Dataset items:
BEGIN
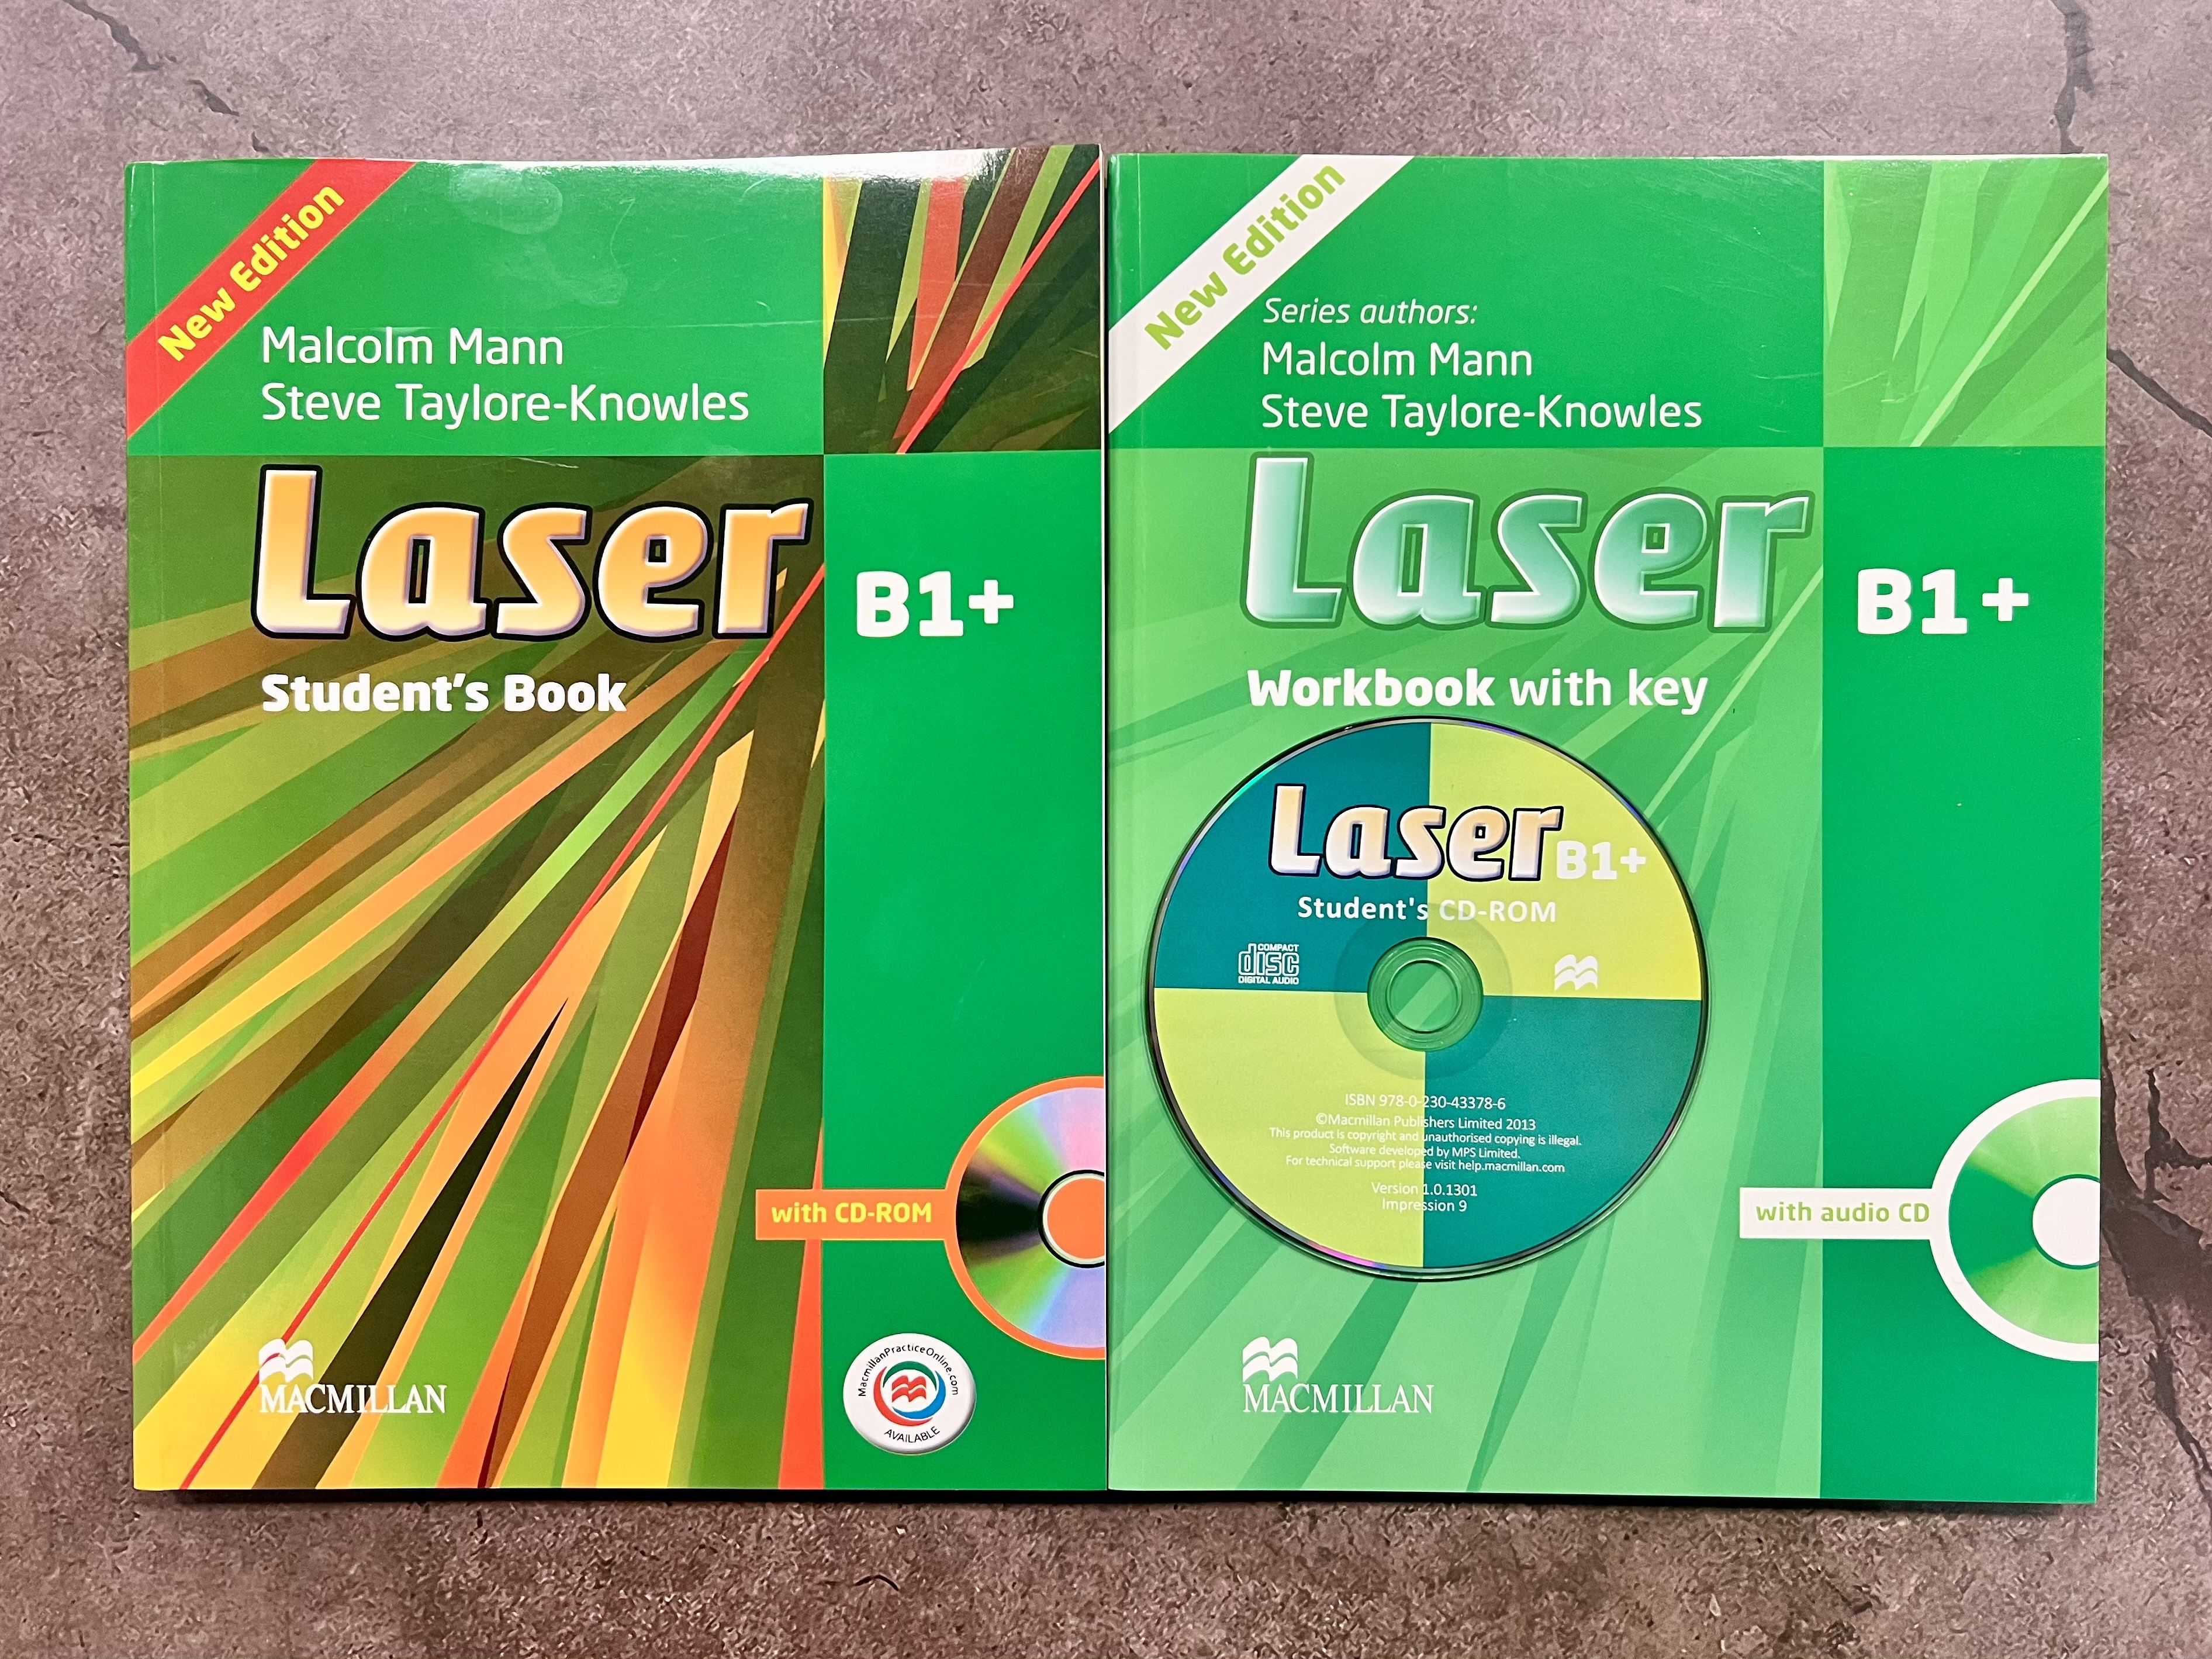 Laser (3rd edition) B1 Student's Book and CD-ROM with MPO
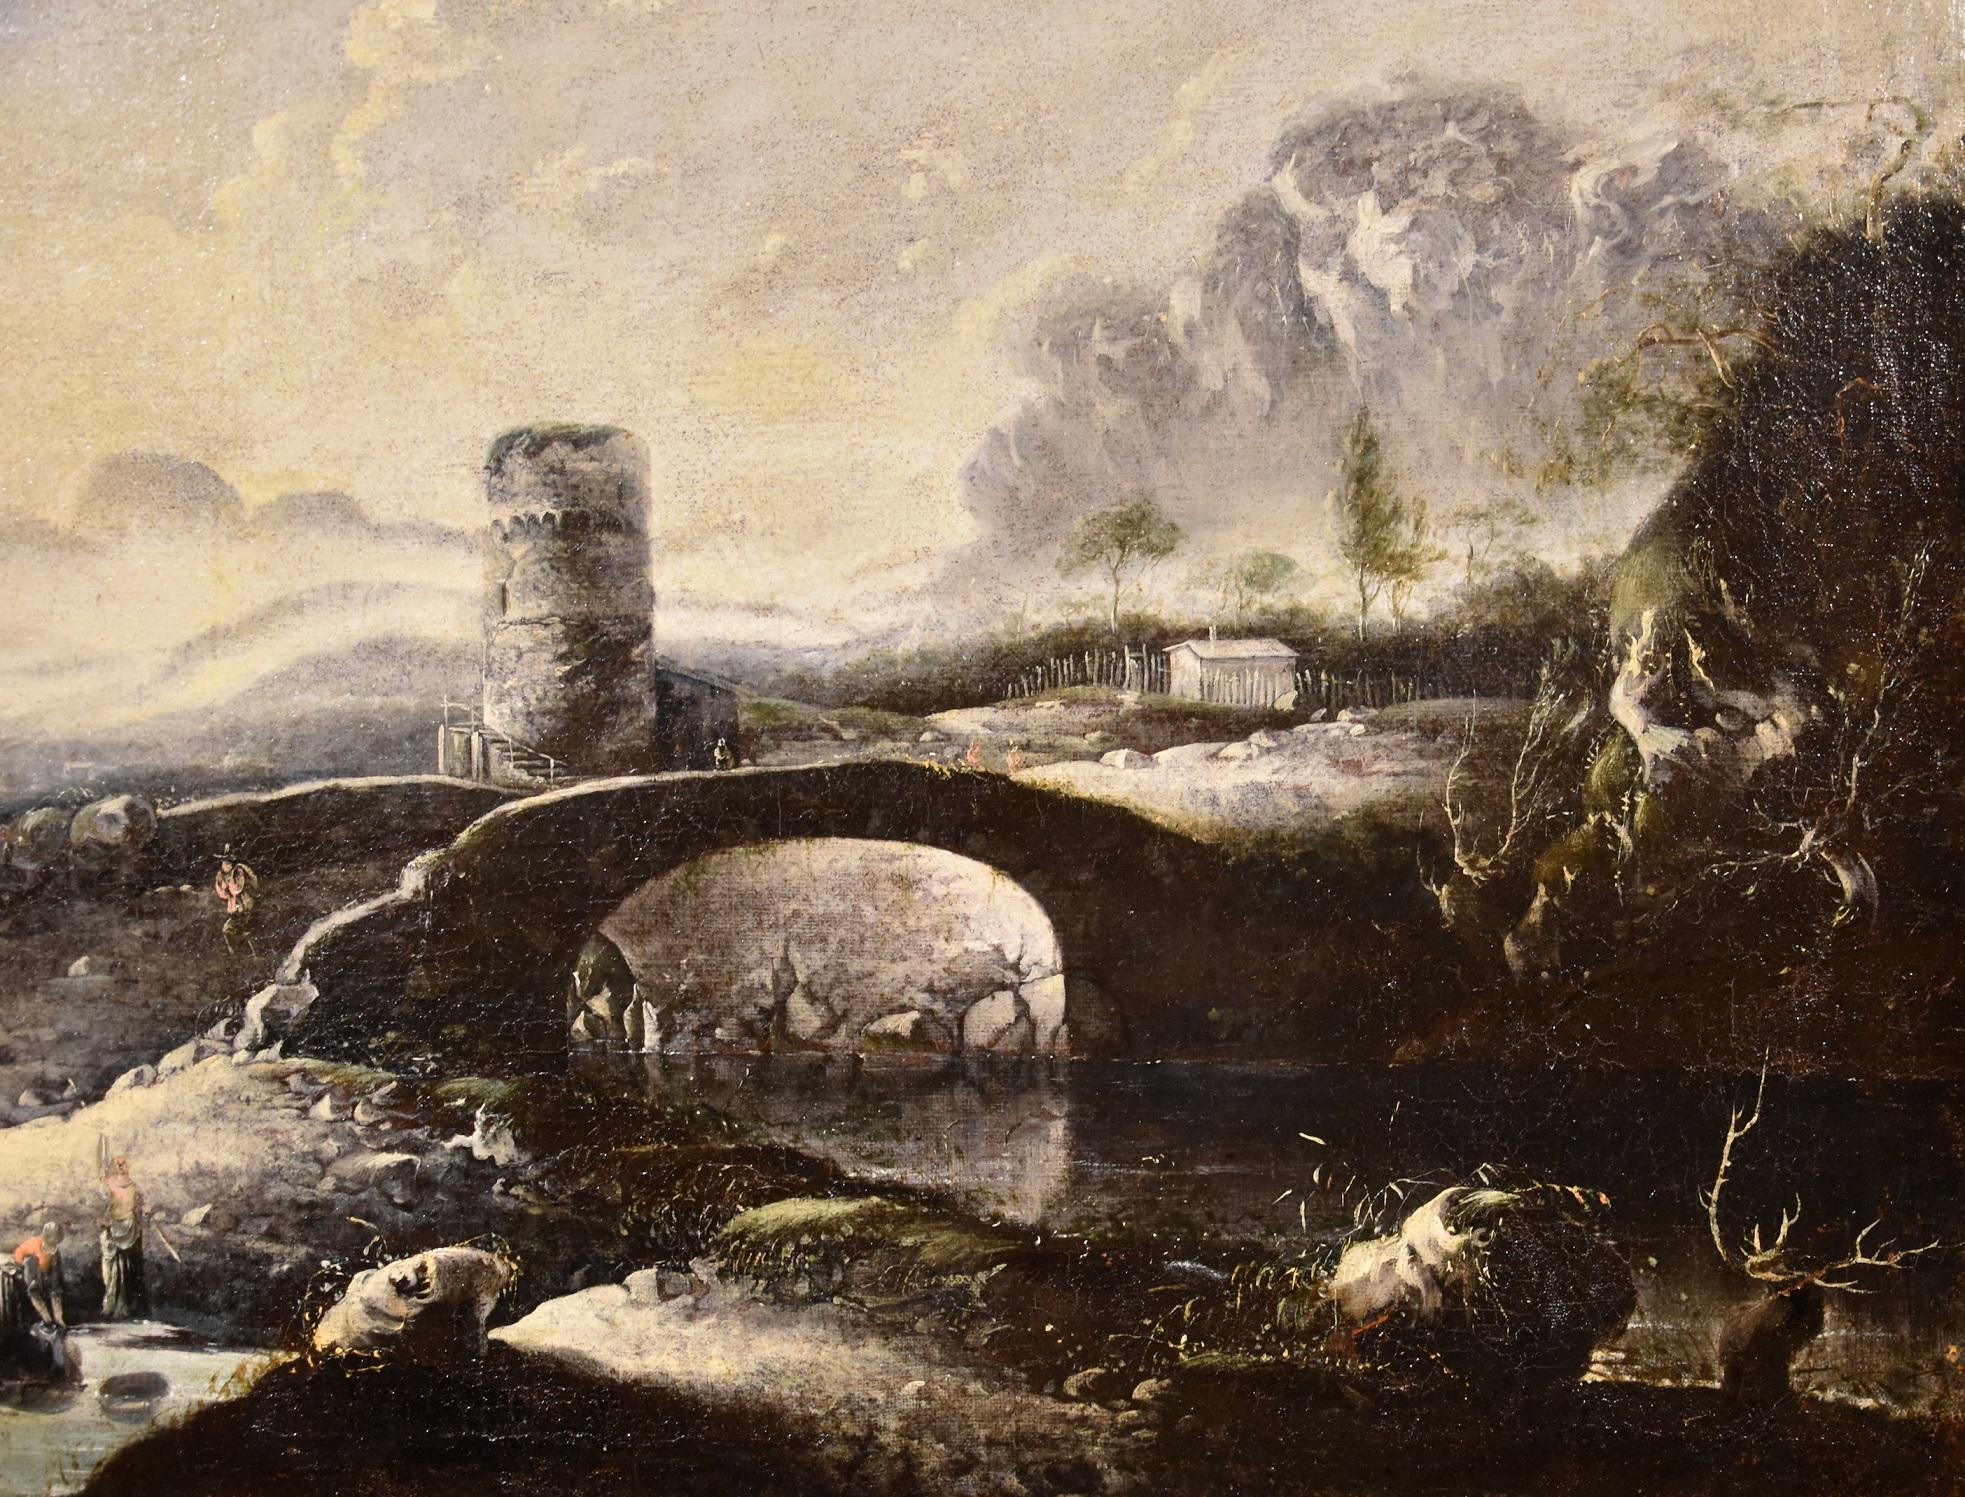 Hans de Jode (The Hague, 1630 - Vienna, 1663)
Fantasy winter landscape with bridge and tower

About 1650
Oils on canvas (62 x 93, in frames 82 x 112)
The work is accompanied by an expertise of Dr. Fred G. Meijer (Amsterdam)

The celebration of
END
Would you transcribe all of the entries above exactly, minus the images?

 Laser (3rd edition) B1 Student's Book and CD-ROM with MPO
 Hans de Jode (The Hague, 1630 - Vienna, 1663)
Fantasy winter landscape with bridge and tower

About 1650
Oils on canvas (62 x 93, in frames 82 x 112)
The work is accompanied by an expertise of Dr. Fred G. Meijer (Amsterdam)

The celebration of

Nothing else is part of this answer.